Patrick Seitz’s Voice Carved From Stage Boards and Anime Studios
The path to becoming one of English dubbing’s most commanding voices started not in a recording booth, but on a high school stage in Riverside, California. At fourteen, Patrick Seitz landed a role in The King and I, and the theater bug never let go. He trained through acting and singing lessons, taught English at his high school alma mater, and earned both a Bachelor of Arts in Creative Writing and a Master of Fine Arts in Creative Writing and Writing for the Performing Arts – all from UC Riverside. His entry into professional voice work came in 2000 with the anime OVA Amazing Nurse Nanako, a quiet start before a career that grew into hundreds of credits across anime, games, and animation.
Dio Brando and the Role That Defined a Generation of Dub Fans
No single performance defines Seitz more sharply than Dio Brando in JoJo’s Bizarre Adventure. Across Phantom Blood, Stardust Crusaders, and Stone Ocean, his interpretation of the immortal villain became the definitive English-language voice for one of anime’s most iconic antagonists. The role demanded theatrical flamboyance at full volume – the Road Roller scene alone required outpacing the Japanese original – and Seitz delivered. He also serves as ADR director and casting director for the Steel Ball Run English dub, expanding his footprint on the franchise well beyond performance.
Scorpion, Franky, and a Game Roster That Spans Decades
Gaming audiences know Seitz best as Scorpion in the Mortal Kombat franchise, a role that demanded raw aggression across multiple titles. His game credits extend through Count Dracula in Castlevania, Bob Richards in Tekken, Ragna the Bloodedge in BlazBlue, Jiren in Dragon Ball Xenoverse 2 and FighterZ, and Endeavor in My Hero Academia among dozens more. In anime, Franky in One Piece has run since the Water 7 arc across more than a thousand episodes – one of the longest continuous commitments in English dubbing history. Isshin Kurosaki and Kenpachi Zaraki in Bleach, Laxus Dreyar in Fairy Tail, and Germany in Hetalia round out a body of work that cuts across nearly every major franchise in the medium.
The Other Side of the Mic
Seitz’s career extends beyond performance into script adaptation and ADR direction.

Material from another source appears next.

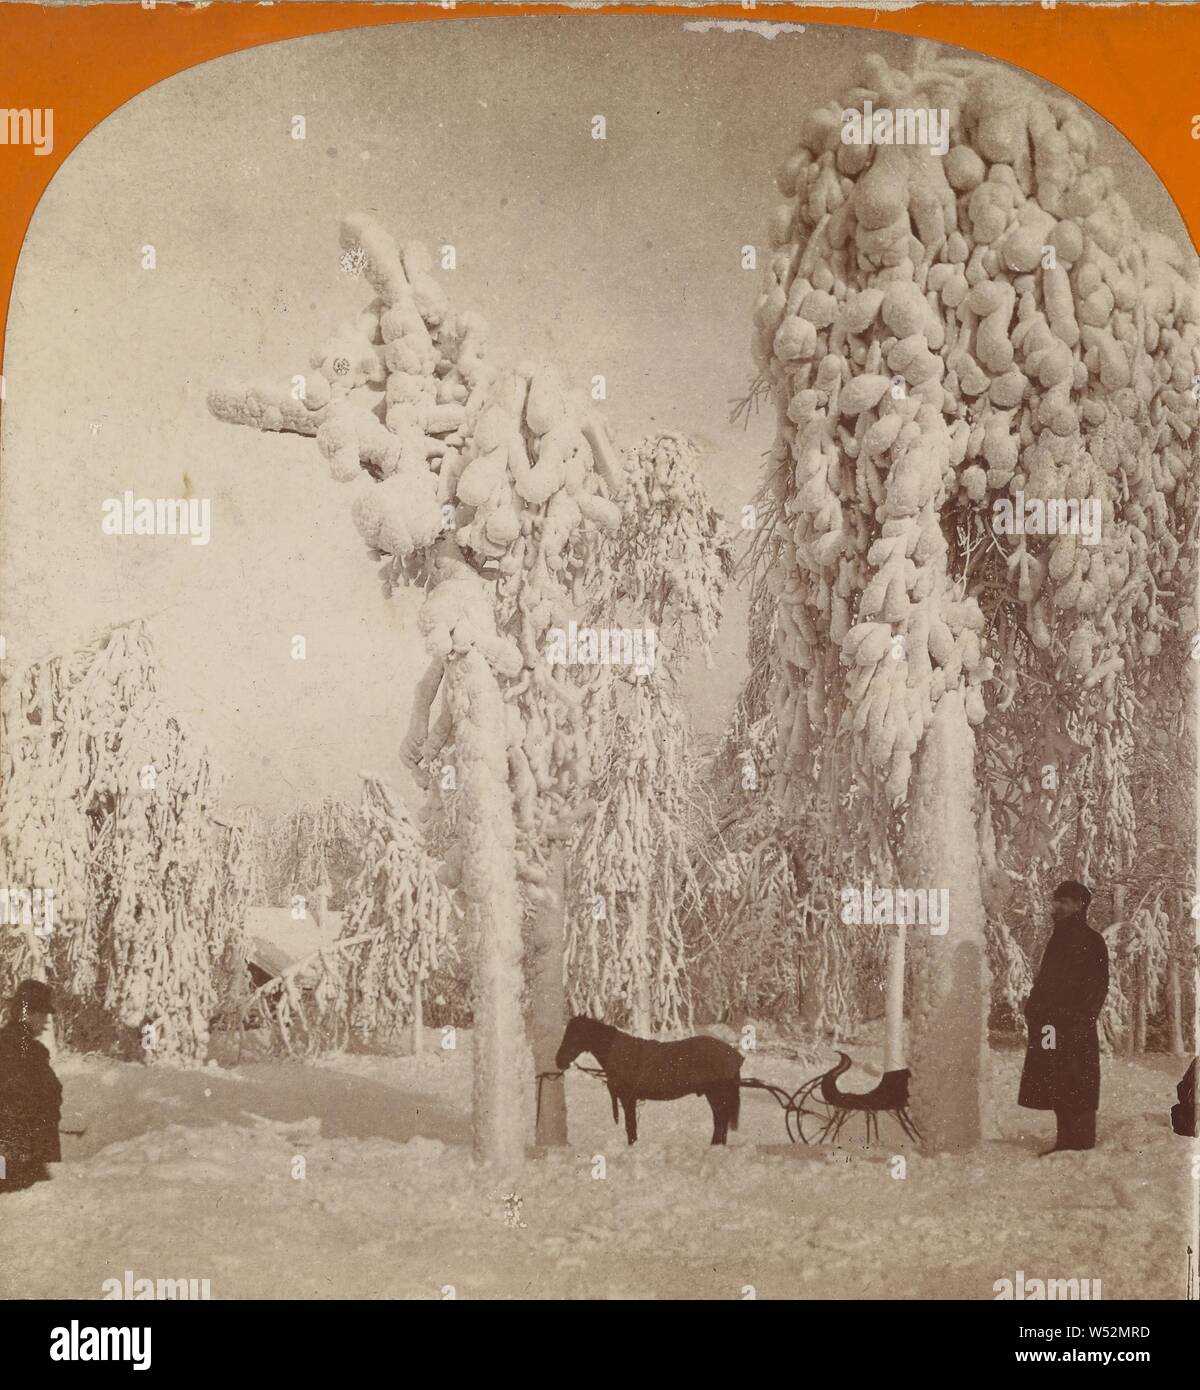 Un escenario inigualable (Prospect Park), Niagara Falls, N.Y., EE.UU., B. L. Singley (American, 1864), 1893, albúmina imprimir plata Foto de stock

He adapted and directed the English dubs of JoJo’s Bizarre Adventure, Girls Bravo, Kamichu!, Tales of Phantasia: The Animation, and Carole and Tuesday, and has script-adapted over 100 additional series including Aggretsuko and Romeo x Juliet. That dual role – creator and performer – positions him among a small group of artists who shape how entire anime generations sound in English.